In same control cycle T by the control of the on off state of the C phase of the second inverter 2 be: from the initial time of one-period, first continue low level time, then permanent High level time, finally continue low level time;

D ₁₁be the duty ratio of first non-zero of the first inverter, d ₂₁be the duty ratio of second non-zero of the first inverter, d ₁₂be the duty ratio of first non-zero of the second inverter 2, d ₂₂be the duty ratio of second non-zero of the second inverter 2, d ₀₂it is the duty ratio of the second inverter 2 zero vector.In the present invention, three-phase grid-connected inverter in parallel adopts common DC bus and the direct structure in parallel of AC, for two inverter parallel structures, as shown in Figure 2, parallel system DC bus capacitor is 2C, C is single three-phase grid-connected inverter DC bus capacitor, and two inverter module power are equal.This topological structure is that circulation provides path, and circulation flow path has 6, uses l in Fig. 2 _za, l _zb, l _zcillustrating wherein 3 circulation flow paths, needing when carrying out Controller gain variations to suppress circulation.

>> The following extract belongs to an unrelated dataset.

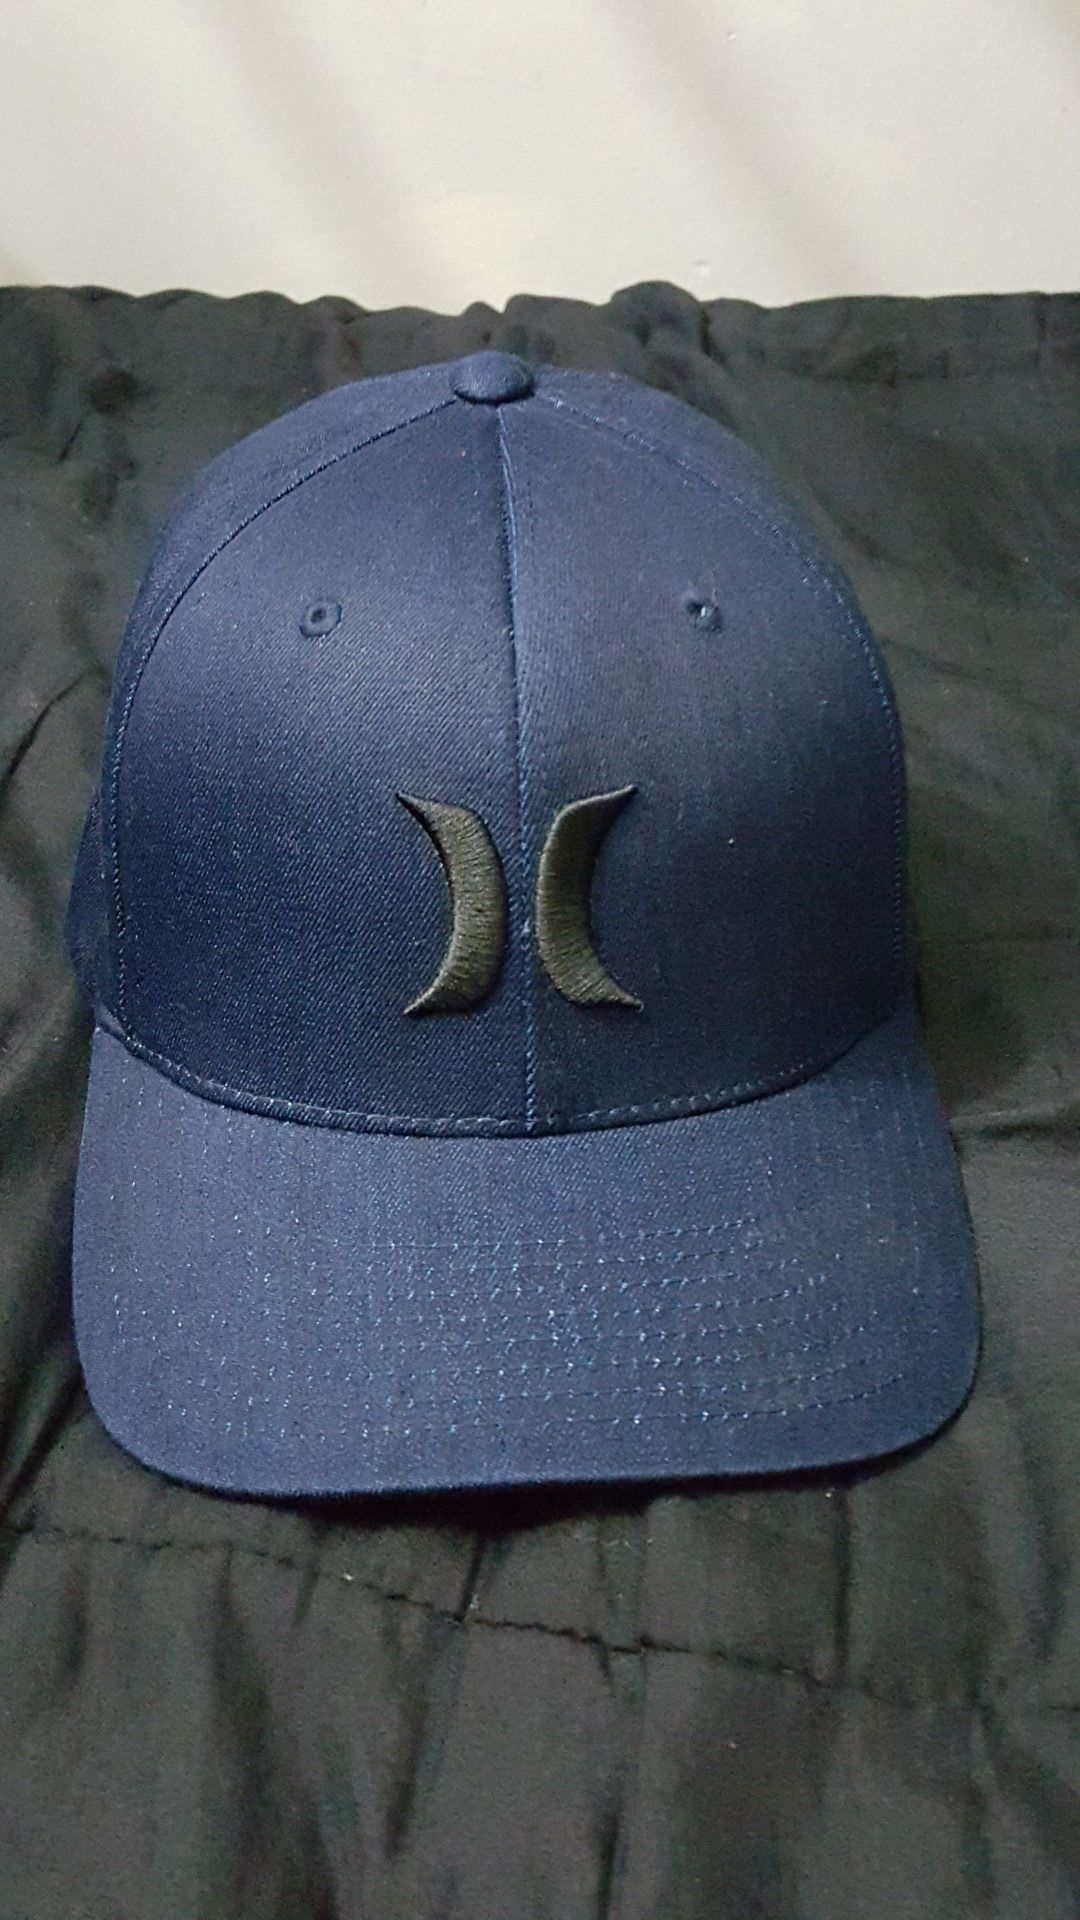 HURLEY FLEX FIT HAT SIZE SMALL/MEDIUM LIMITED EDITION DARK NAVY BLUE BRAND NEW WITH OUT TAGS SERIOUS BUYER'S MAKE ME AN OFFER

For each shunt chopper, a, b, c three-phase respectively has two circulation flow paths, and circulation is uniformly distributed in each phase, and the circulation flowing through inverter is 3 times of each phase circulation.The circulation suppressing to suppress inverter is carried out by the mean value in each phase of the circulation to inverter.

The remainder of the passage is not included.